Parties to transaction
Primary acquiring firms
[3] SATDF is directly controlled by SA Taxi Finance Holdings Proprietary Limited ("SA Taxi Finance Holdings") and ultimately controlled by Transaction Capital Limited.
[4] SATS is directly controlled by the Transaction Capital Securitization Trust which is in turn controlled by individual trustees. SA Taxi Finance Holdings holds 100% of the preference shares in SATS.
[5] SATDF as the operating arm of the SA Taxi group is responsible for the origination of credit agreements for each credit providing entity and for its own balance sheet. The allocation of these agreements is a random process and is dependent on third party funding lines. SATOF is also responsible for the management and administration of each credit provider. SATS is among one of the credit providing entities that SATDF is responsible for.

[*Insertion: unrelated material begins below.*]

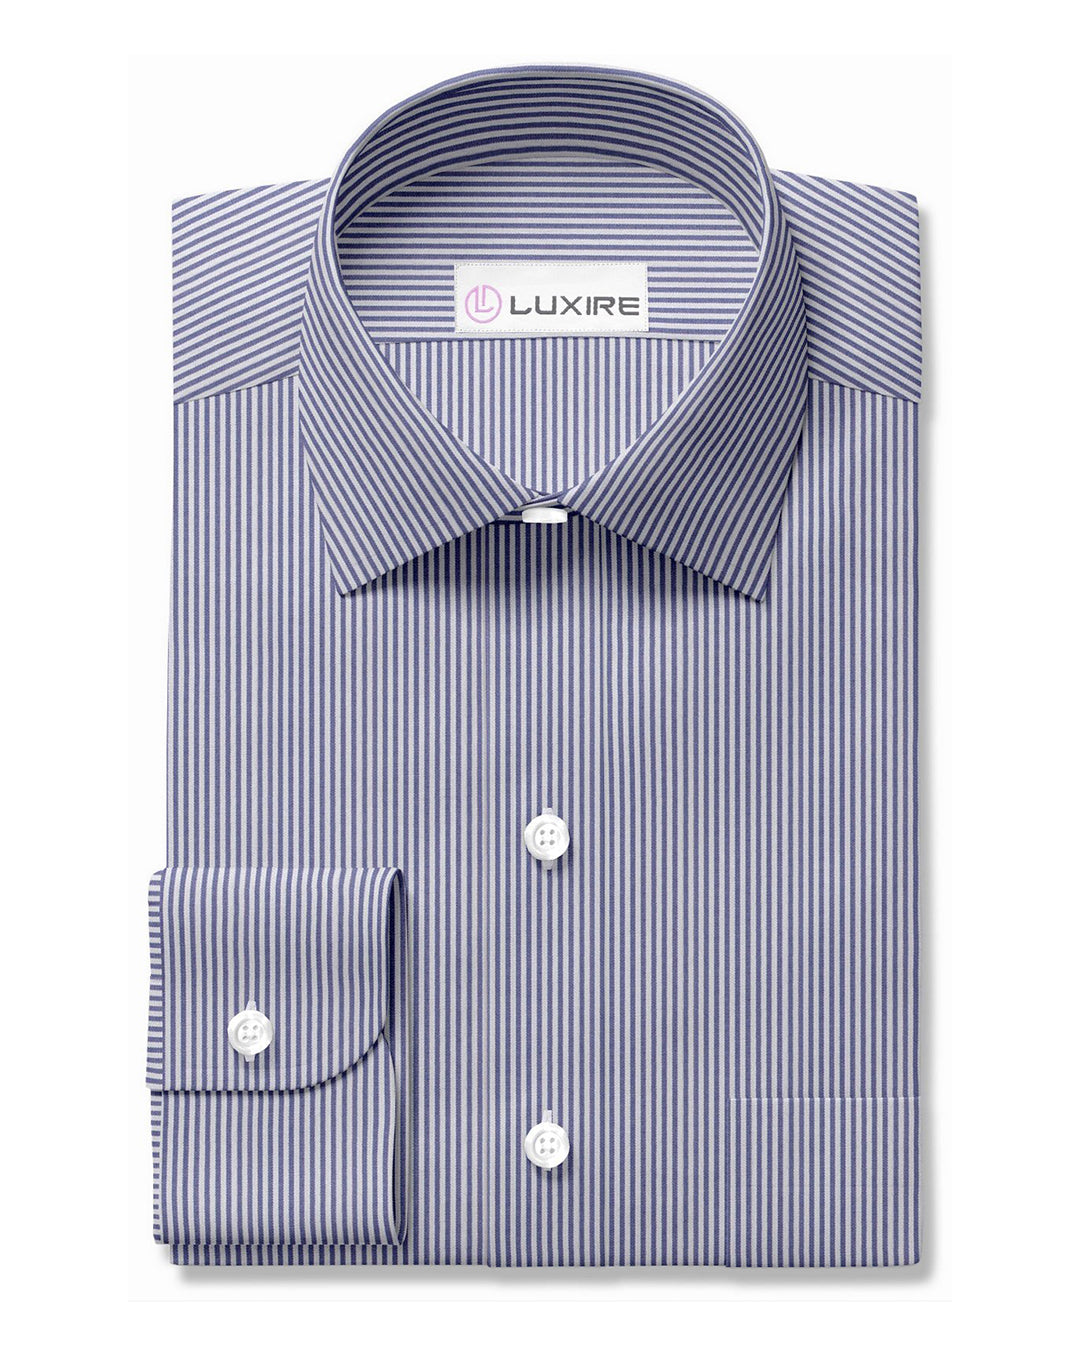 Business-Shirt White With Blue Dress Stripes

[6] SATS is a ring-fenced special purpose vehicle which was an active credit provider which originated new credit agreements. Its revolving period has currently expired and its current business is to realise the value of residual credit agreements and pay back its creditors. SATS is dependent on the administration and management functions provided by SATDF to fulfil its obligations.
Primary target firm
[7] The primary target firms are SATS Exchange Assets and SATDF Exchange Assets.

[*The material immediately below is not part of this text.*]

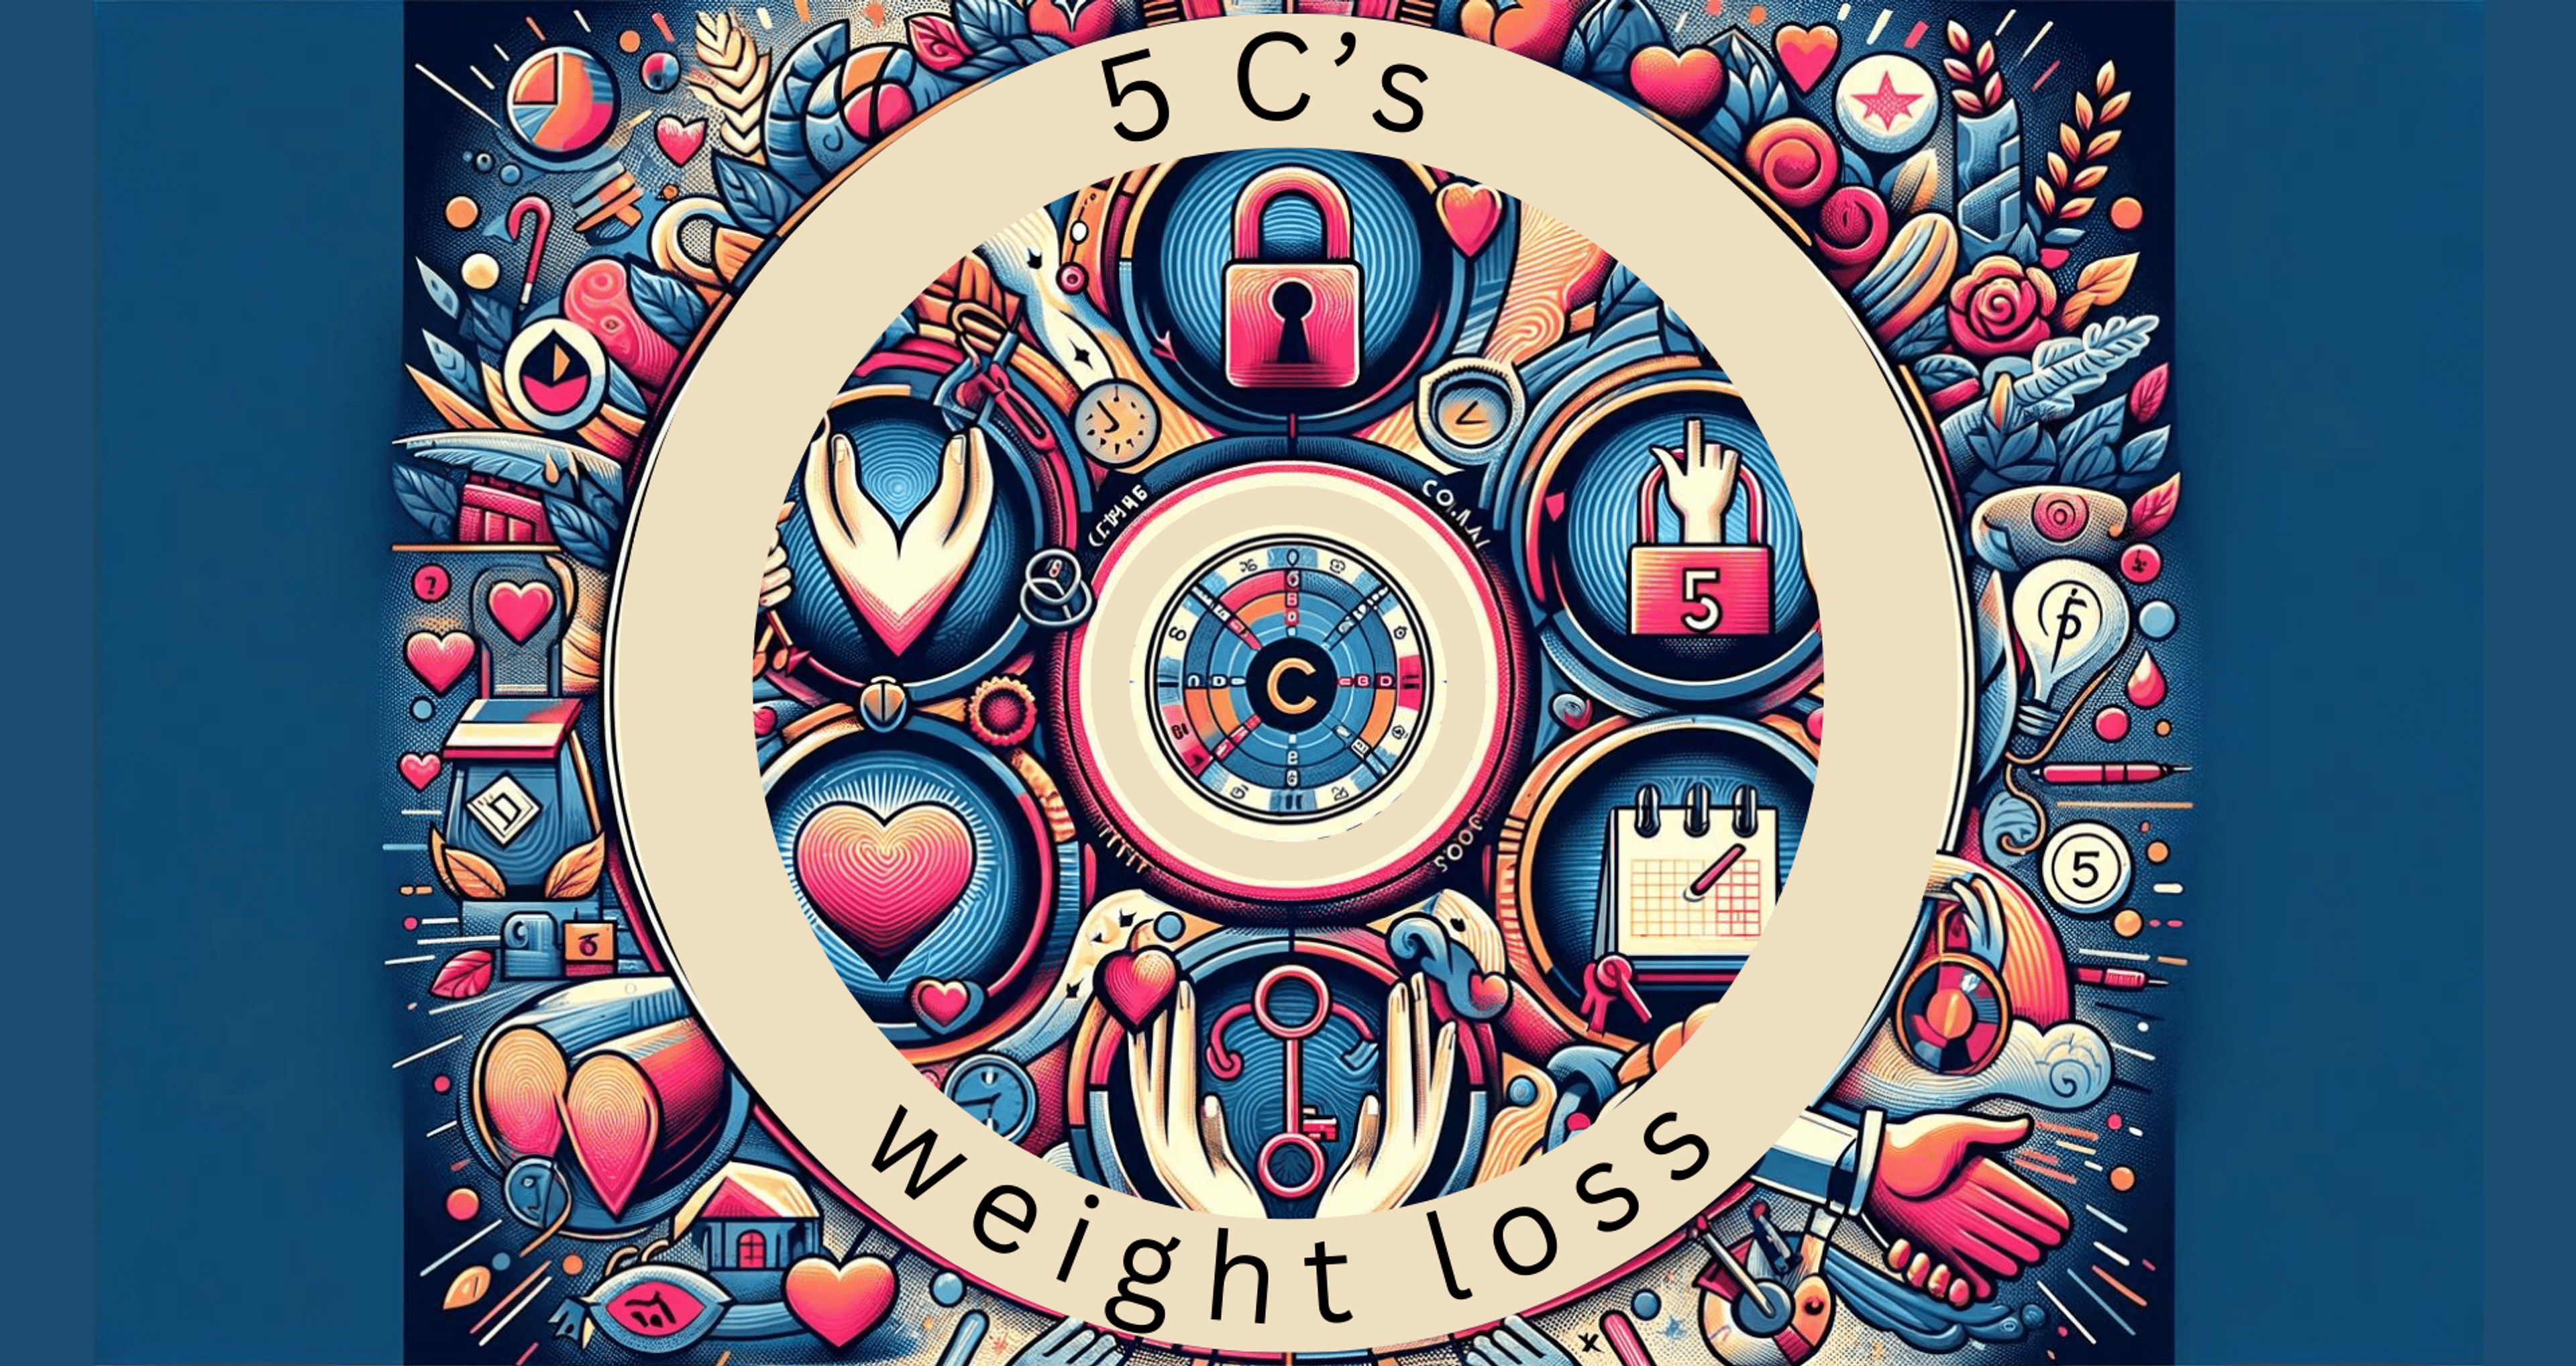 What are the 5 C's of Weight Loss?

[8] SATS Exchange Assets comprises SATS Qualifying Rental Agreements. Rental Agreements which qualify consists of vehicles which fall under the entry level vehicle portfolio.
[9] SATDF Exchange Assets comprises SATDF Customer Credit Agreements. Customer Credit Agreements falling under this category are vehicles in the premium vehicle portfolio.
Proposed transaction and rationale
[10] The proposed transaction involves an "asset swop" whereby the SATS Exchange Assets are transferred to SATDF and the SATDF Exchange Assets are transferred to SATS. The result of the transaction is that ownership of the SATS Exchange Assets would pass to SATDF and ownership of the SATDF Exchange Assets would pass to SATS.
[11] The target firms have submitted that the 'asset swop' is in order to protect SATDF from the exposure of entry level vehicle credit agreements as SATDF will pursuant to the transaction comprise 100% of premium level vehicle loans. SATS was submitted to be an ideal candidate for entry level vehicle credit agreements as it has no external debt exposure. It is also houses a majority of the SA Taxi Groups entry level loans.
Impact on competition
[12] The Competition Commission ("the Commission") identified an overlap in the merging party's activities in so far as both provide credit finance to operators of minibus and midibus taxi vehicles.
[13] The Commission in their investigations established that the proposed transaction would not alter the existing structure of any market. This is because SATDF is responsible for the management and administration of both SATS Exchange Assets as well as SATDF Exchange Assets. This status quo will remain the same post merger. The Commission recommends that the proposed transaction be approved without conditions as it is unlikely to lead to a substantial lessening or prevention of competition.
[14] The Tribunal is of the view that the post-merger structure does not change subsequent to the proposed transaction and therefore finds that the proposed transaction would not lead to a substantial lessening or prevention of competition.
Public interest
[15] The merging parties confirmed that the proposed transaction will not result in an adverse impact on employment. [1] The proposed transaction further raises no other public interest concerns.
Conclusion
[16] In light of the above, we conclude that the proposed transaction is unlikely to substantially prevent or lessen competition in any relevant market. In addition, no public interest issues arise from the proposed transactions. Accordingly, we approve the proposed transaction unconditionally.
22 September 2015
DATE
______________________
Mr Norman Manoim
Mr Andreas Wessels and Ms Medi Mokuena concurring
Tribunal Researcher: Aneesa Raval
For the merging parties: Zainobia Mohammed
For the Commission: Thato Mkhize, Seema Nunkoo and Xolela Nokele
[1] Inter alia merger record page 2.